Semantice Annotator is a library that generates semantic annotations based on a system of syntactic patterns. It rely on the Stanford CoreNLP library.
A tagger is a single json file which describe the way to extract annotations on a text using a list of rules and a list of test to validate the tagger.
Semantice Annotator will load all taggers contained in given directory and validate all rules and unit tests on load. Then it will be able to generate the annotations defined by those taggers.
A tagger can import other tagger which will be executed before its own rules. But only generatedTagLabels flagged as exportable in the tagger itself will be returned.
{ "importRules": [ "otherTagger1", "otherTagger2" ], "rules": [] }A collection is a single json file listing other taggers.
{ "collection": [ "otherTagger1", "otherTagger2" ], "unitTests": [ { "verbatim": [ "My cat is red", "Your dog is blue" ], "generatedTagLabels": [ "coloredPet" ] } ] }A rule describe the way to detect an annotation based on a syntactic pattern (or regular expression) and/or to apply transformations on the input text.
A list of samples allow to validate the rule.
For instance, the following rule will replace the first matching group with "SMALL".
{ "pattern": "(petit@ADJ|mini|minuscule) :NC", "substitutions": "1:SMALL", "samples": [ "le petit lavabo" ] }This second rule will generate the annotation "smallDog" if the syntactic pattern matches.
{ "pattern": "@SMALL chien", "generatedTagLabels": [ { "value": "smallDog", "exported": true } ], "samples": [ "ce petit chien", "le petit chien" ] }A token pattern describe a single token (aka 'word'). Its syntax is :
text@type[;property=value]*
where :
- text : the exact text value or its lemma
- type : the "part of speech" label of the token such as noun, verb, adjective, etc. It use the Treebank POS tag set.
- property=value : a list of morphosyntactic properties separated by a semicolon.
Any part of a token pattern can be empty.
You can combine multiple patterns by separating them by the boolean operator | (or).
| token pattern | will match tokens |
|---|---|
| samples@NN;lemma=sample;nb=p | samples |
| @NN;lemma=sample;nb=p | samples |
| samples;lemma=sample;nb=p | samples |
| samples;lemma=sample | samples or sample |
| samples@V | none |
| samples@ | samples or sample |
| @ | any token |
| samples@|example:NN | samples, sample, example or examples |
A syntactic pattern describe the syntactic structure of a text. It is composed of a sequence of token pattern.

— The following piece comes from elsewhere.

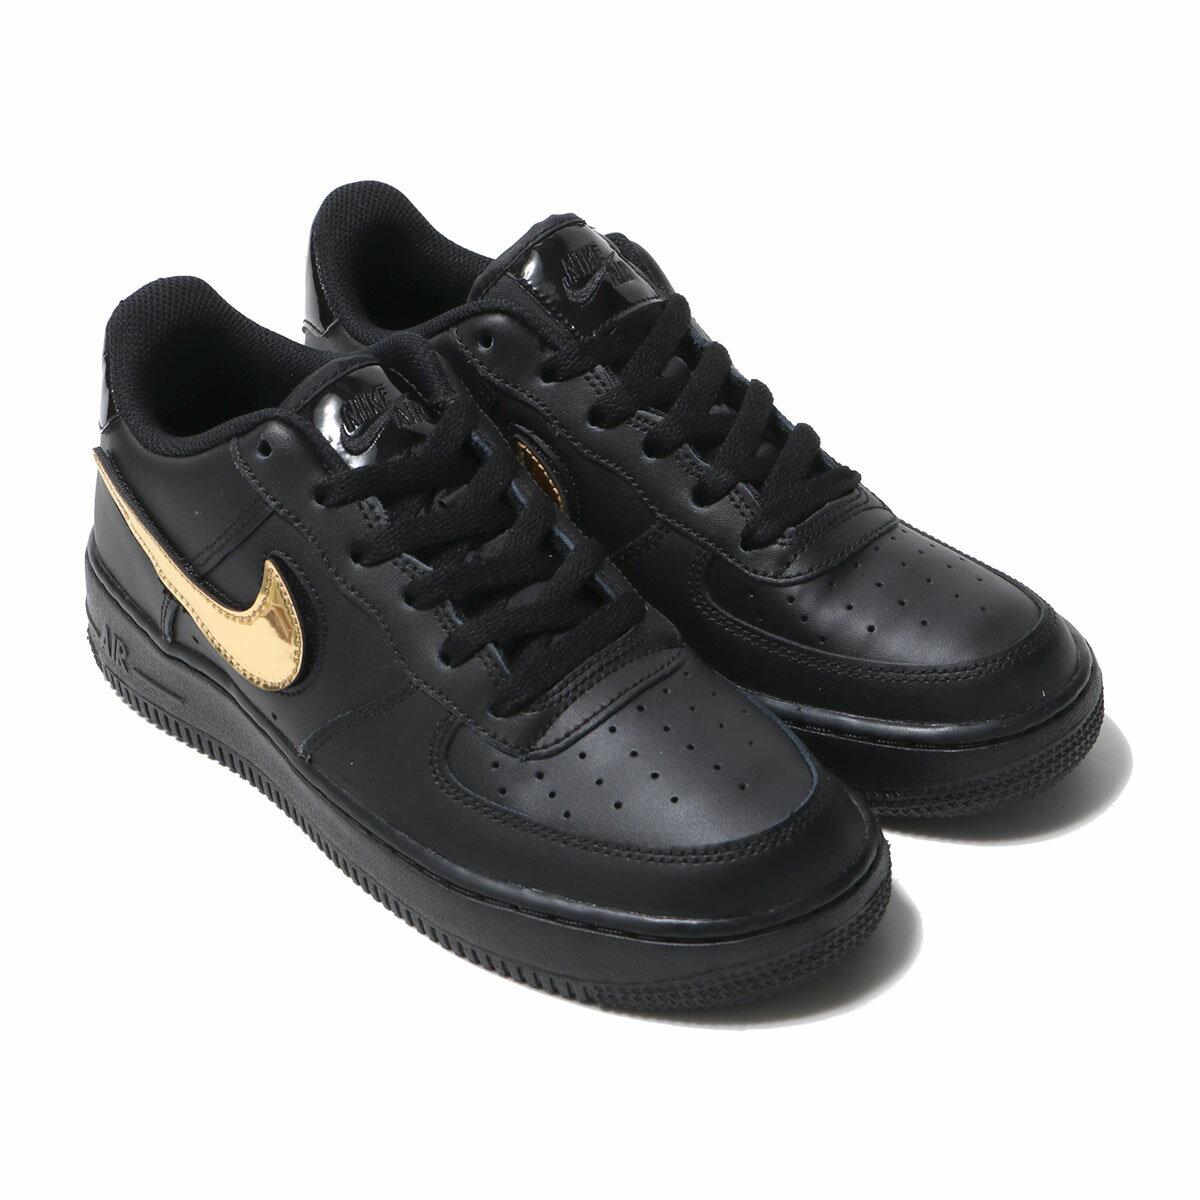 靴, スニーカー NIKE AIR FORCE 1 LV8 3(GS) 1 LV8 3 GS(BLACKBLACK-BLACK-WHITE) 19FA-I

You can define groups using parenthesis. It is useful for applying substitutions or to apply a quantifier to it.
Quantifiers are :
- ? : None or once
- * : any
- + : Once or many
| syntactic pattern | will match text |
|---|---|
| @DT (@JJ)? dog@NN | the dog, the big dog, a small dog, etc. |
| (@DT)* dog@NN | dog, the dog, the the dog, etc. |
The "substitutions" member of a rule allow to replace a matching group by a given tag.

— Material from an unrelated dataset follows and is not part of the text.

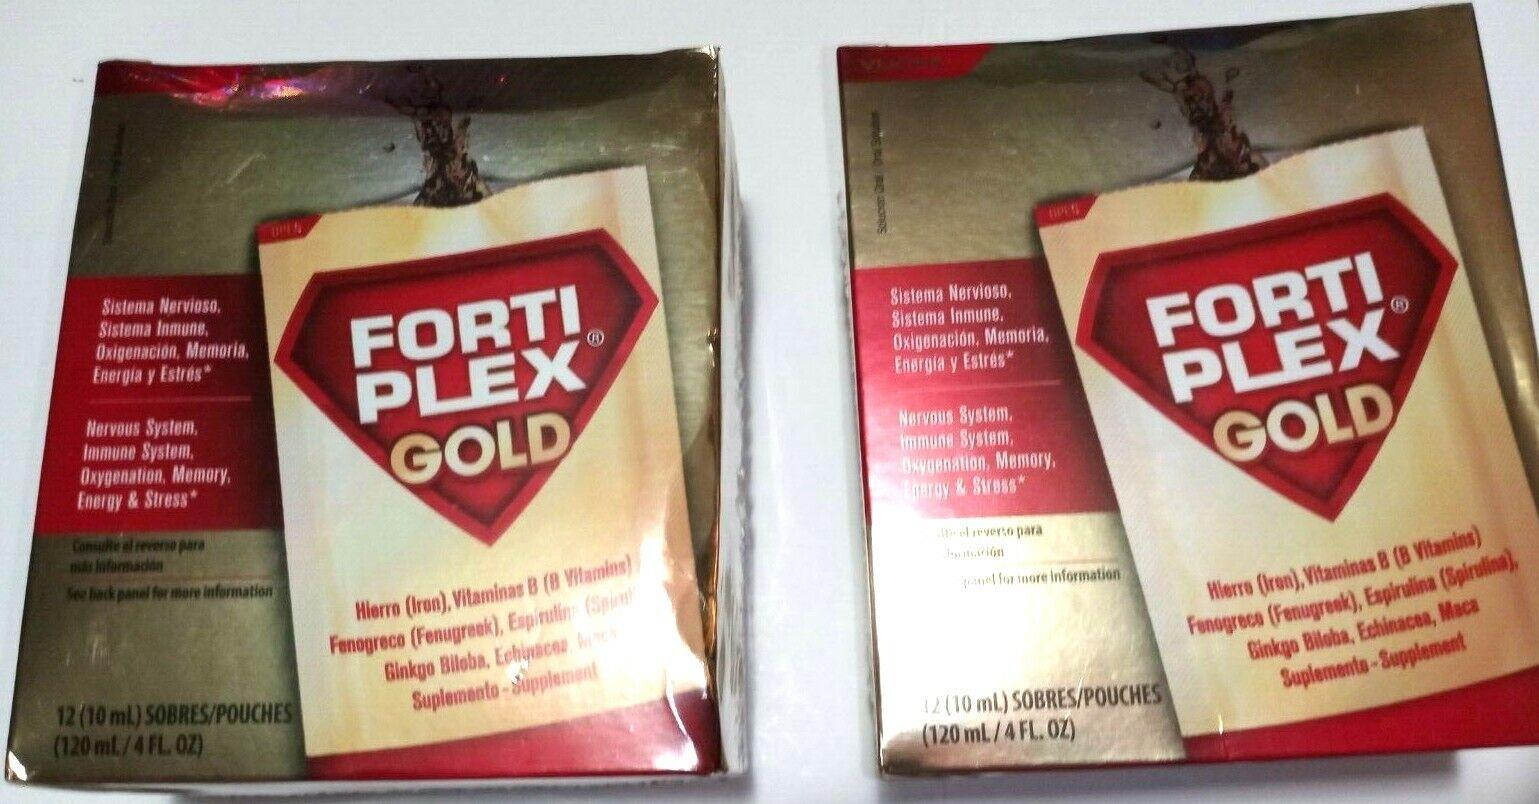 2 Pk FORTI PLEX 12 Pouches Excelente Anti Estress Alimento Del Cerebro Exp 01/21 - $23.99

The syntax is : index:value
Where :
- groupIndex : the group index to replace (starting at 1)
- value : the value which will replace the specified group
| syntactic pattern | substitutions | text | result |
|---|---|---|---|
| @DT (dog@NN|cat@NN) | 1:Pet | the dog | the Pet |
| (hello@|hi) (@NNP) | 1:HI,2:WHO | Hello Bryan | HI WHO |
This tool allow you to test and debug you taggers. This is a command line interface which can be used with any text editor to validate your tagger files.
Each time you save a file, the Semantic Annotator Console will validate its content and will display debug information in case of error. Watch the video.
This video describe the way to create substitutions.
This video describe the way to use a shared tagger.
Each time you save a file, the Semantic Annotator Console also validates all tagger which depends on it to check if your modifications does not introduce regressions. Watch the video.
Rules based on regular expressions are also validated. Watch the video
You can test your taggers easily. Watch the video
This feature allow you to run all your taggers on a large text file (a book for instance). It is really useful to detect invalid annotations. Watch the video
If this is the first time you run the console :
mvn -Dmaven.test.skip=true -pl '!semantic-annotator-console-delivery' clean install
Then :
mvn exec:java -pl semantic-annotator-console
import cle.nlp.annotator.SemanticAnnotator; import cle.nlp.tagger.Tag; public class App { public static void main(String[] args) { SemanticAnnotator annotator = new SemanticAnnotator(SupportedLanguages.FR, "/path/dir"); Collection<Tag> generatedTagLabels = annotator.getTags("this is a text"); } }